The C. sayi lifecycle aligns closely with previous reports including the construction of a pupal chamber just below the soil surface. As in previous reports, no weevils or pupal chambers were found more than 10 cm below the soil surface. The mortality of our subterranean C. sayi was more than double that of previous reports which could be related to differences in soil types and the presence of other soil organisms in the microcosms. In line with previous reports, we recovered multiple life stages, including adults that had eclosed but not yet emerged.

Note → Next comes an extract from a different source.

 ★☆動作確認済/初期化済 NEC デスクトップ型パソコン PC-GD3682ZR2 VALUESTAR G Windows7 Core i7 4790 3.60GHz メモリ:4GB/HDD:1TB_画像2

These staggered life stages could point to a survival strategy that has been documented in the European cousin of C. sayi: the chestnut weevil Curculio elephas. C. elephas uses a staggered strategy of emergence to distribute a single generation to emerge as adults over multiple years [26,27]. This plasticity enhances long-term chances of survival so that an entire generation does not emerge in one potentially bad year [26,27]. A similar strategy could be occurring in C. sayi. Given the varied life stages we discovered after a single season and similar results from previous studies [13], we suspect that a single generation of larvae may emerge as adults over multiple years.

5. Conclusions

The phenology of C. sayi from upstate New York detailed here is distinct in some aspects from reports from other locations. Specifically the univoltine nature and late emergence of C. sayi suggest that C. sayi has different population dynamics in more northern climes. Additionally, the efficacy of the pyramid traps in contrast to other trap types points to effective monitoring practices for chestnut growers. Through better understanding the phenology and lifecycle of C. sayi along with a means to monitor populations, the improved management of this emergent pest can become a reality. Indeed, this work reported here can become the basis for the explorations of the effective means of the biological control of this lesser of the two weevils.